Apache Phoenix and UDFs

In one of the projects at work, we’ve been using Apache Phoenix, a SQL layer on top of HBase. It’s a pretty awesome system, though at the same time it’s been a some what frustrating experience given some of the issues that the documentation glosses over. The issues that we encountered where inconsistent use of secondary indexes and the lack of documentation around important functionalities such as User-Defined Functions (UDFs). Now I’ll be the first to admit that perhaps the documentation wasn’t necessarily bad, but it assumes sufficient working knowledge with Java and the Hadoop eco-system which we did not have when we started the project. Thinking back on it, the success of platforms such as PHP or MongoDB despite everyone’s gripes about the systems is due to the fact that their documentation assumed nothing about a coder’s background and allowed coders of diverse backgrounds to get started with them, whereas systems such as HBase and Phoenix have lost out on user mindshare due to the fact that it’s significantly harder to get up and running.
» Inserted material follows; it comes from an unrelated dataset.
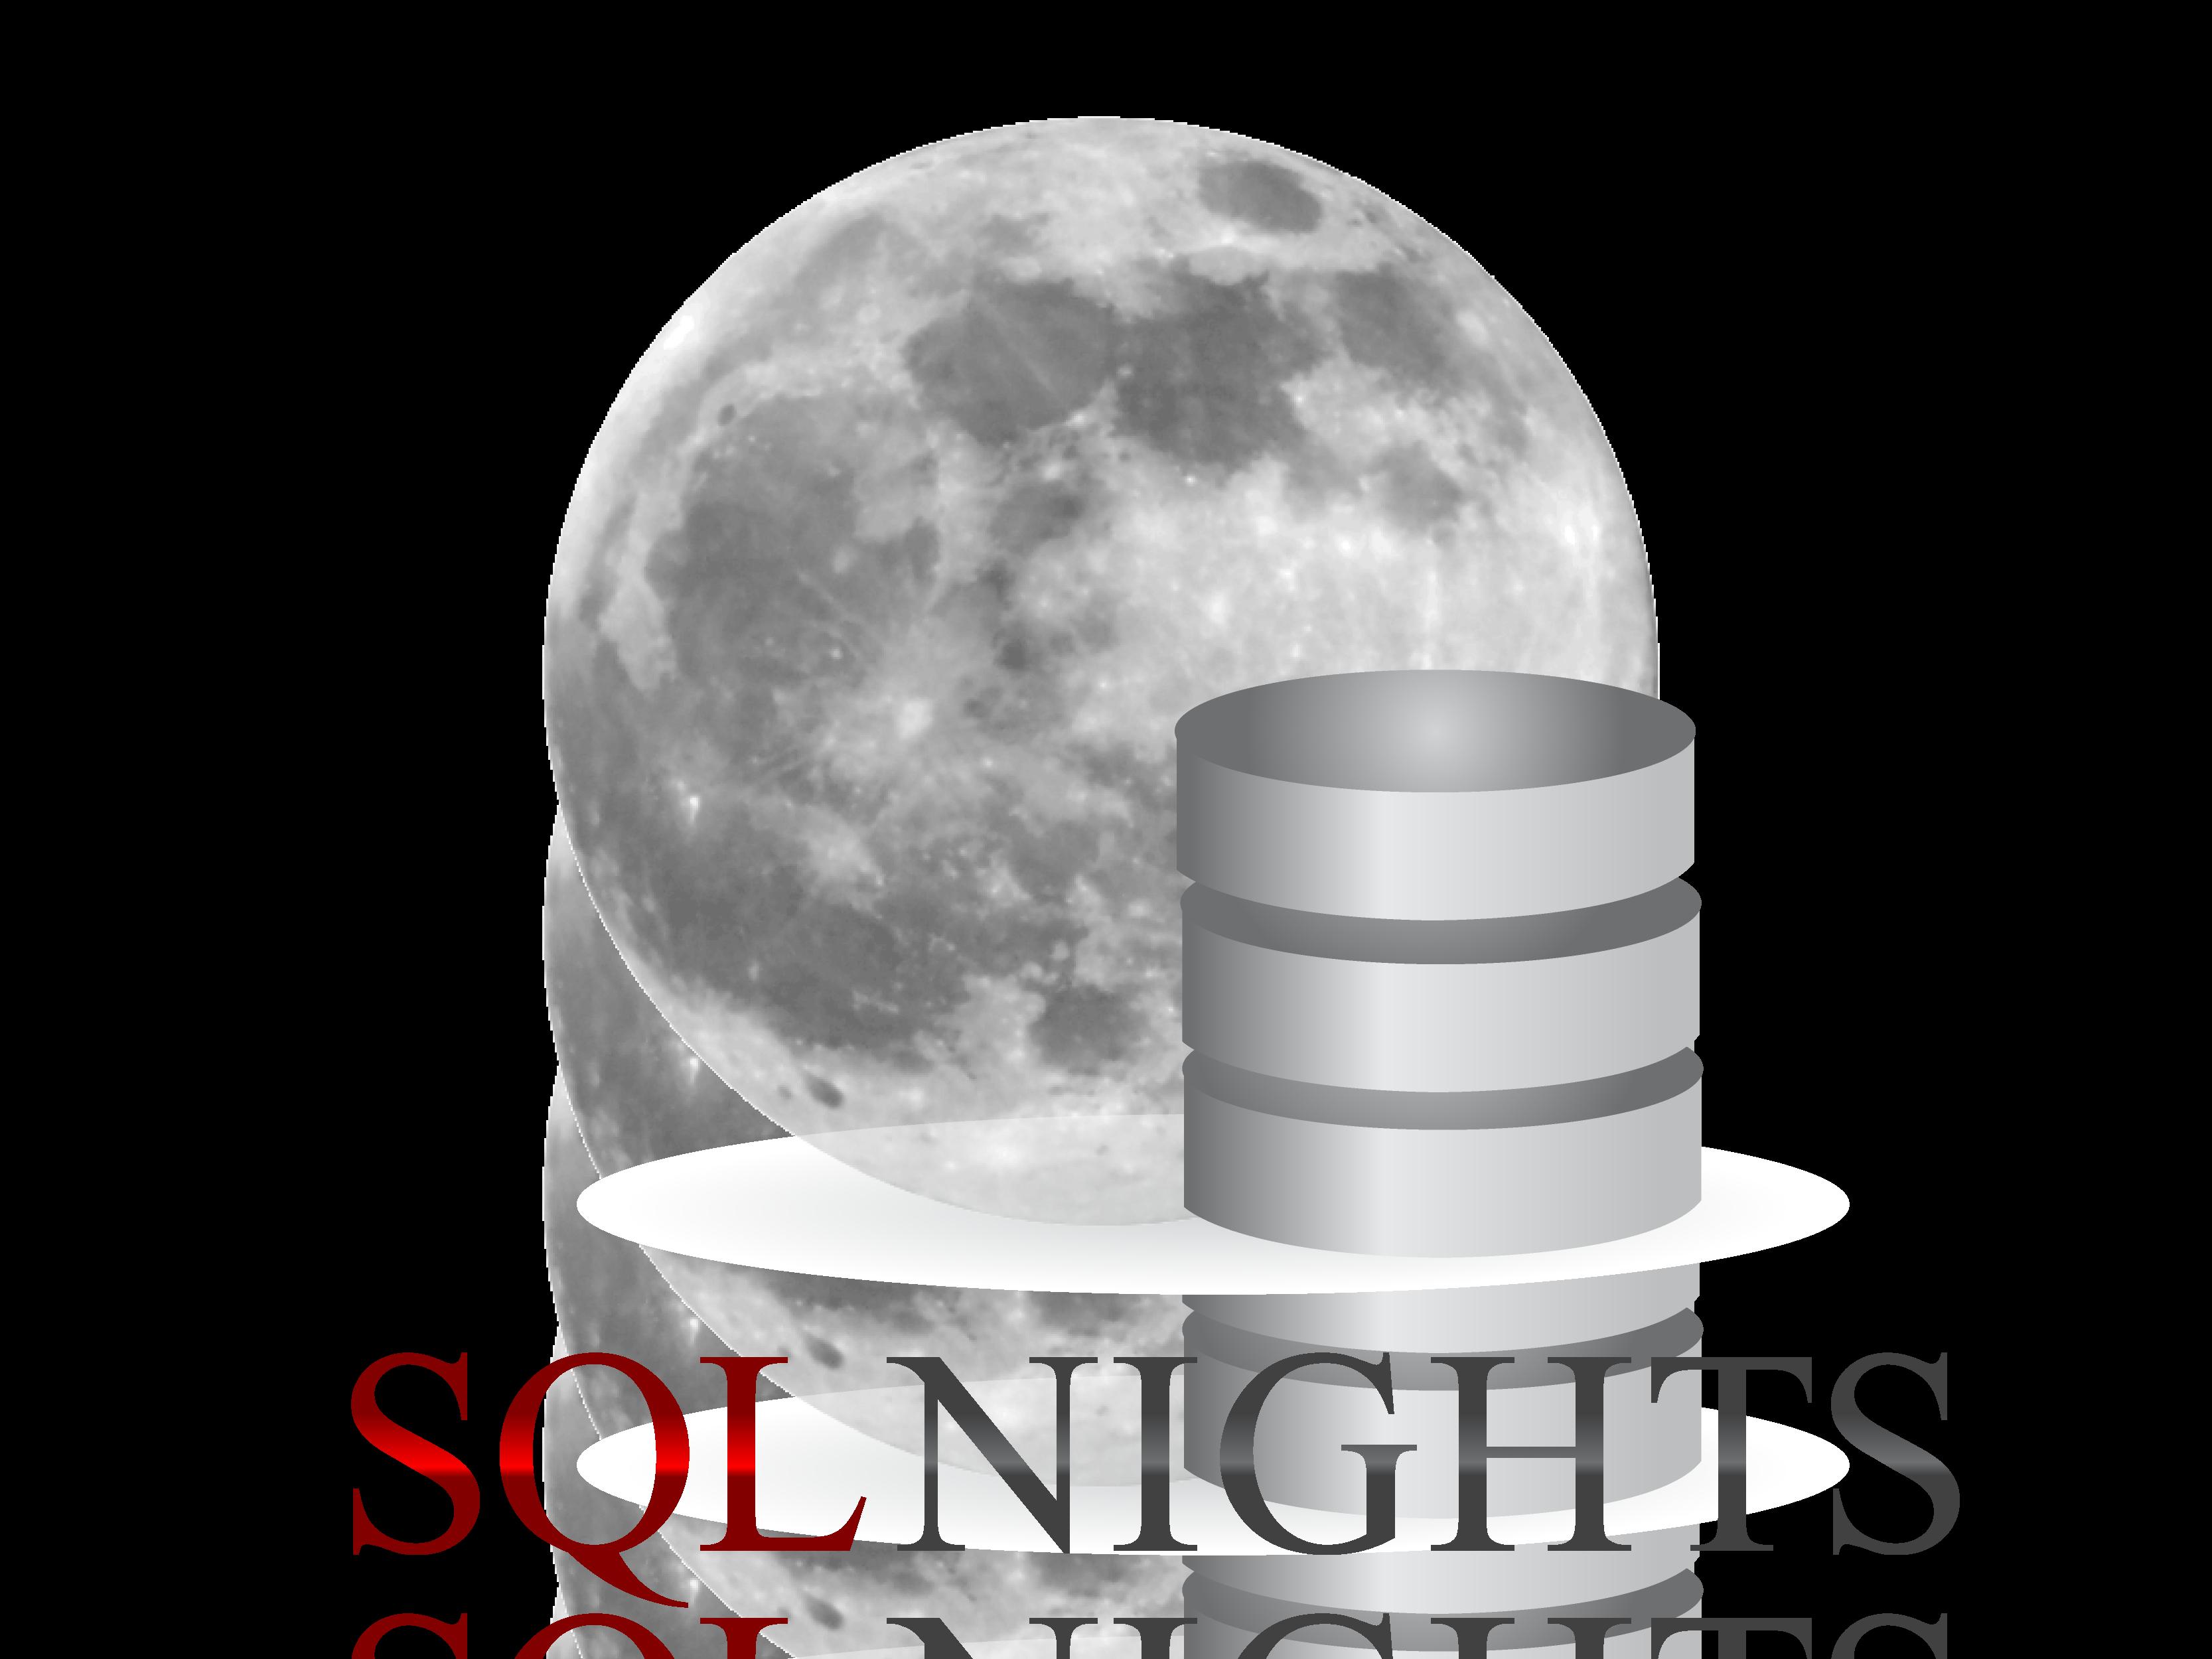 sqlnights.com

Now while this is mainly a gripe post, I hope that there’s sufficient information here to make your life a lot easier than mine was.
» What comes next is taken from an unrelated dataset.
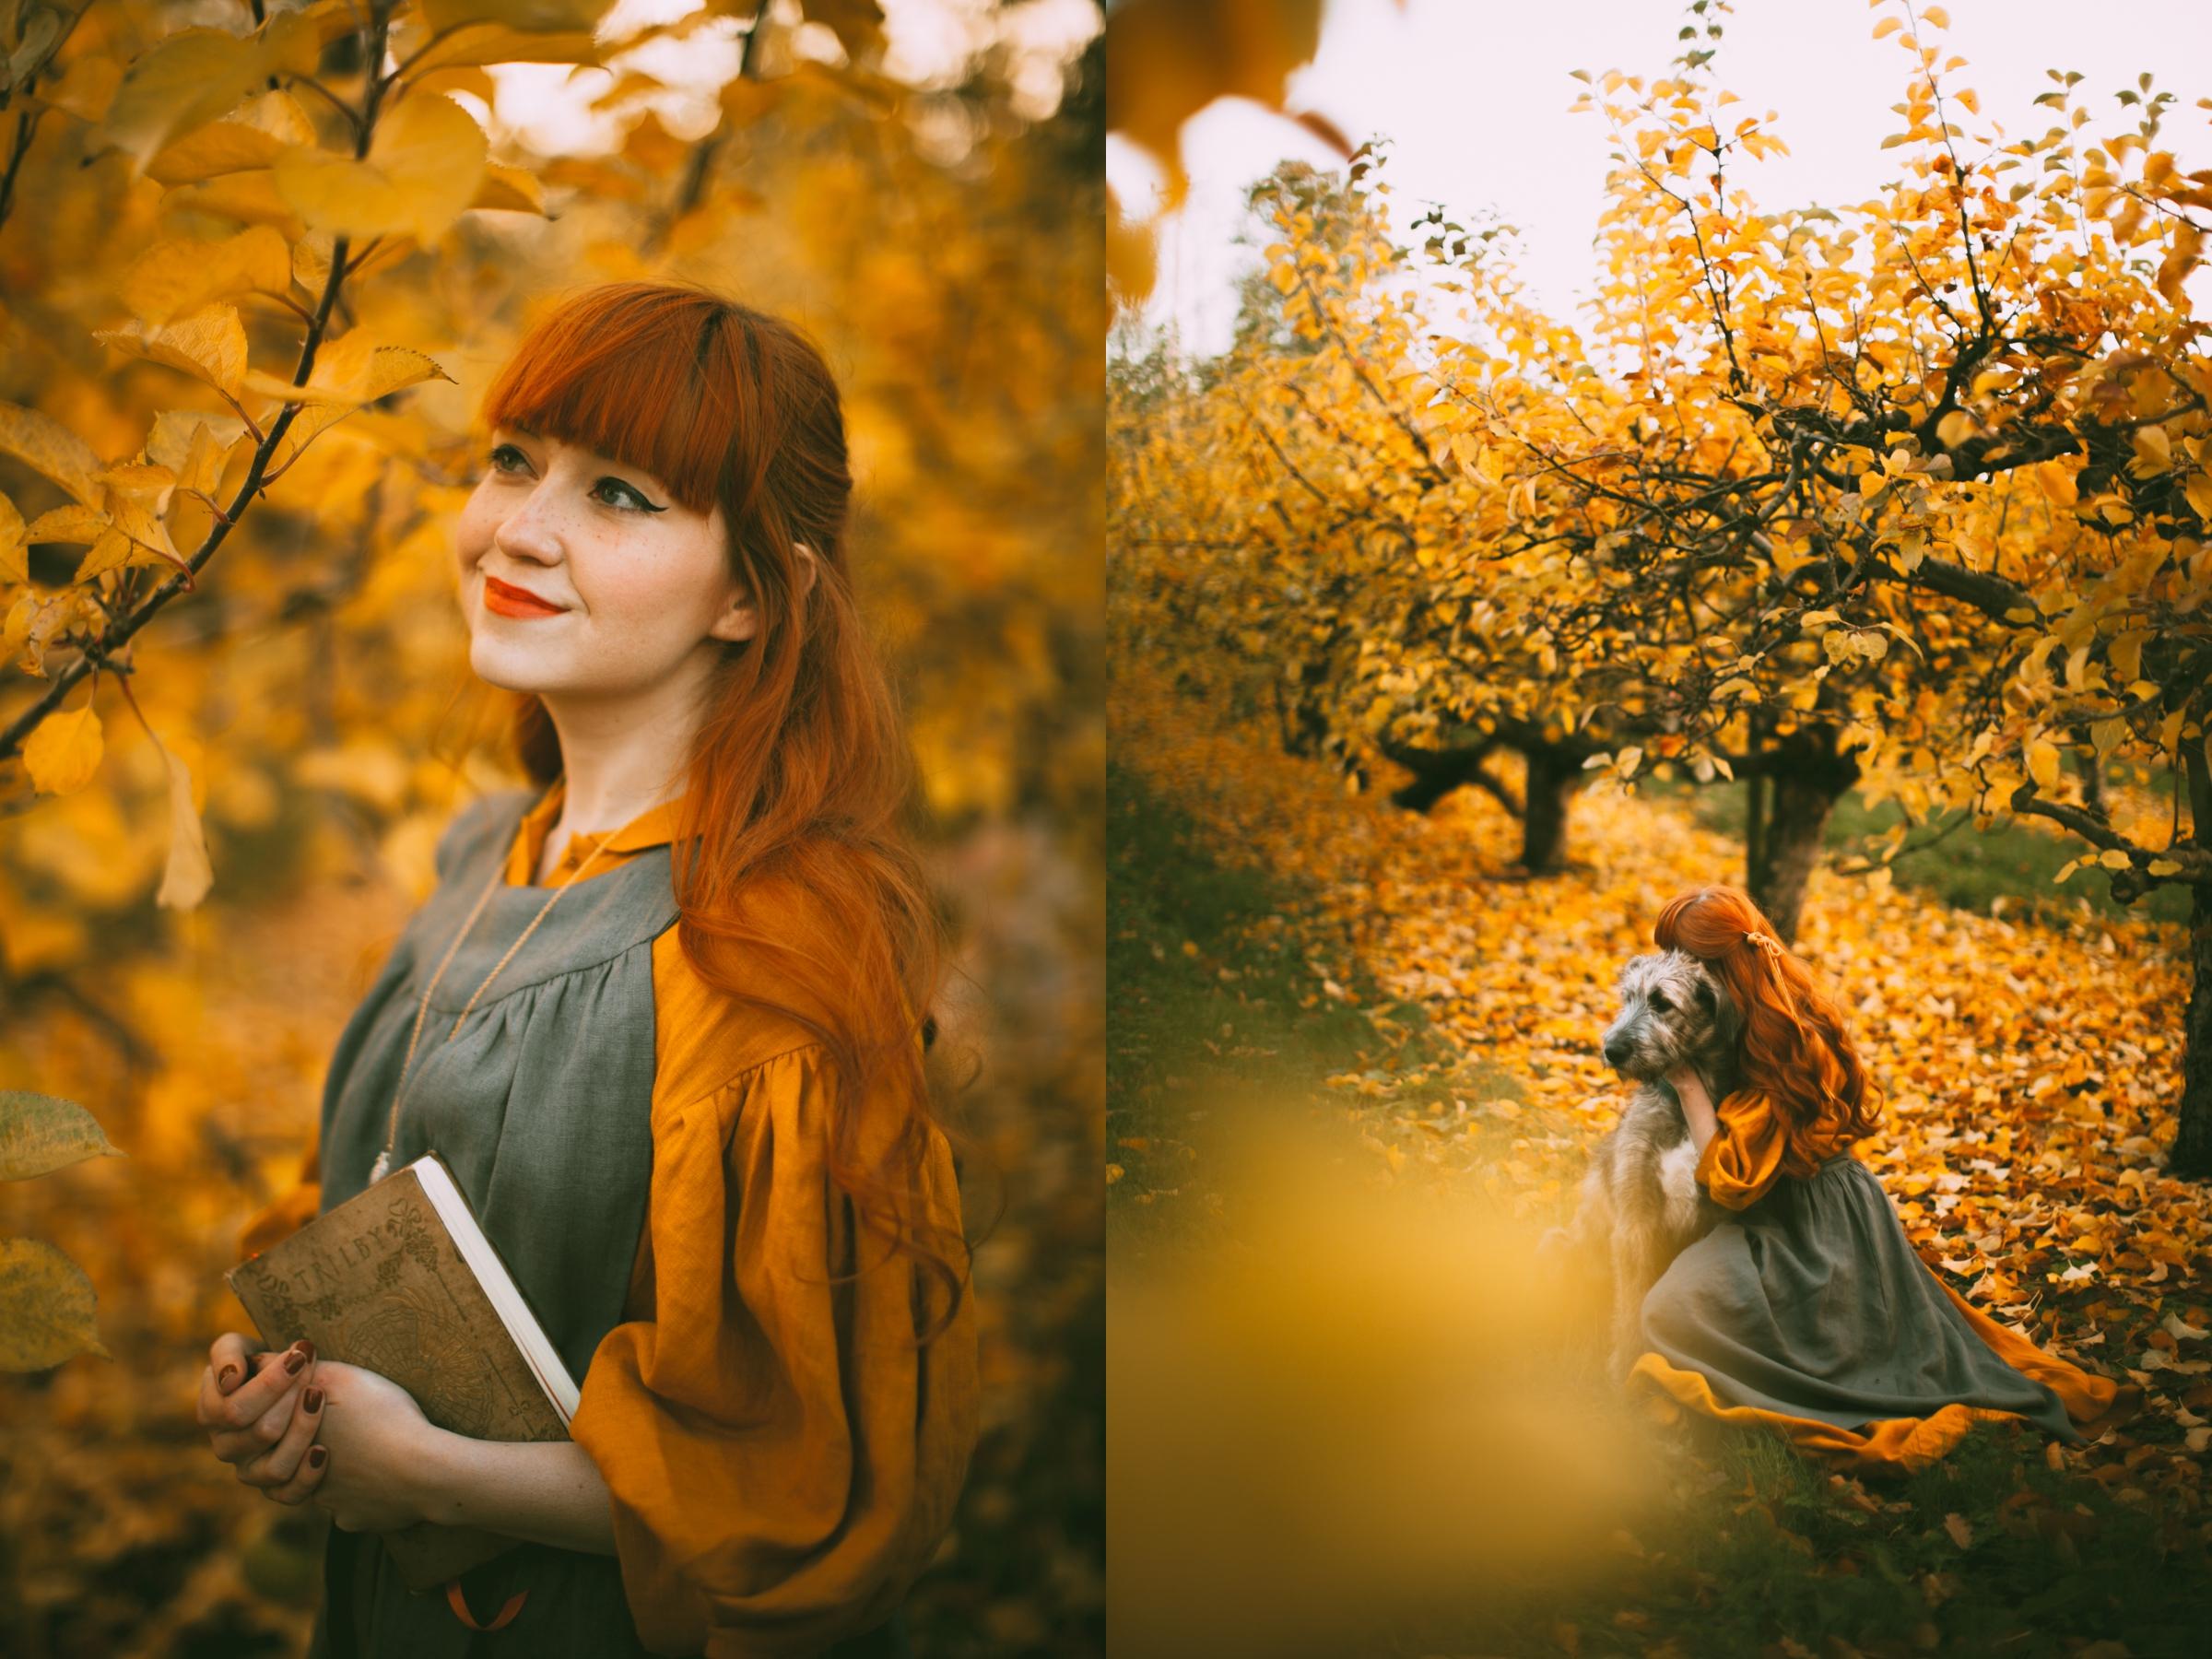 yelloworchard-28-side

A brief description of our project. We were building a data warehouse that was supposed to ingest and store clinical data. While clinical data is generally tabular, different sets of clinical data will have different set of columns. Now before someone tells me to use a Key-Value schema, it’s not quite that simple because different data sources can have different number of columns required to define a primary key, depivoting/pivoting in general is an expensive operation, and there’s no guarantee that data you get isn’t already pivoted or depivoted for you. We had a preliminary SQL server solution that stored all of the data in a KV schema, but it croaked when trying to get more than 50MB of clinical data back out of the system in a somewhat standard format. Oh, and the data that we were ingesting would sometimes be given in incremental form ODM in which updates, deletes, restores were given in the context of primary keys. Oh, and this was supposed to work on clinical data streaming into us, and given how the business process works in our industry, we only have an incomplete definition of the data that we are supposed to be getting. Finally we were supposed to be able to generate standard complaint output before all of the data has been received, which ruled out writing a custom ETL script through tools like Informatica, and update transformations on the fly without reloading all of the data from scratch.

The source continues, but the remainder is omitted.